4. when the installation is finished there will be another check by app.js if the controllist has been successfully loaded to reddis
## On server (re)start:
app.js will check if there are records in each of the redis databases - if there are, it does nothing, if there aren't - it will load the records from the MSQL tables into reddis.
This check is done to prevent loading the reddis databases each time we restart the server.
The redis database is not wiped when the server is restarted, but it is wiped if the machine is restarted.
Note that changes that are made to any of the CSV files will only take effect when the server is reinstalled, not when the server or the machine is restarted.
## Workflow of control list request:
1. the extension makes a post request with a url to the tracking/controllists route
2. the queryURL method is called (controlLists.js)
3. the subdomain is removed from the url
4. the domain is checked against the controllist redis db, if found the matching rule is returned
5. the domain is checked against the webshrinker cache redis db, if found and the record is less than 90 days old the matching rule is returned
6. if the domain wasn't found in the control list and the webshrinker cache or it's older than 90 days the server will make an API call to the webshrinker service (WebshrinkerWrapper.js)
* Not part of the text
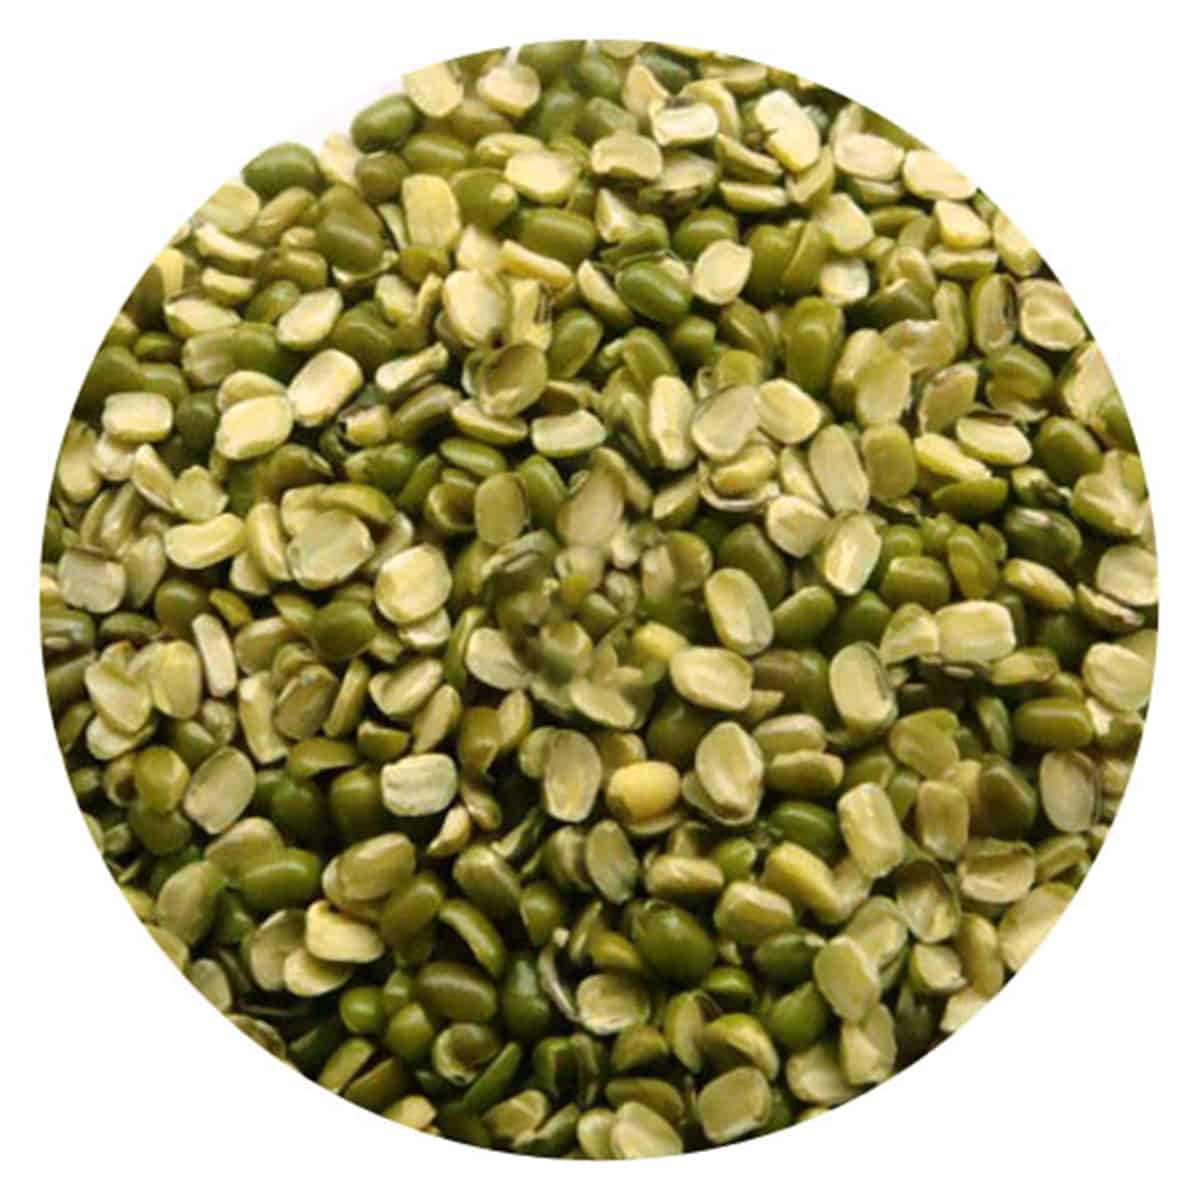 Buy IAG Foods Moong Dal Chilka (Split Green Gram with Skin) - 1 kg

7. the response is stored in the webshrinker cache MySQL table (if the domain existed before, the record will get updated with the new response and timestamp)
8. a record is created in redis db 2. note that there may be a small differece in the timestamp between the webshrinker table and the redis db
9. the webshrinker category will be checked against the webshrinker category database (3)
10. the matching rule for the category is returned.
# Instructions on how to re-start everything
this section could simply refer to other sections: how to flush the database, how to flush redis, and the installations instructions in the other wiki, anything else?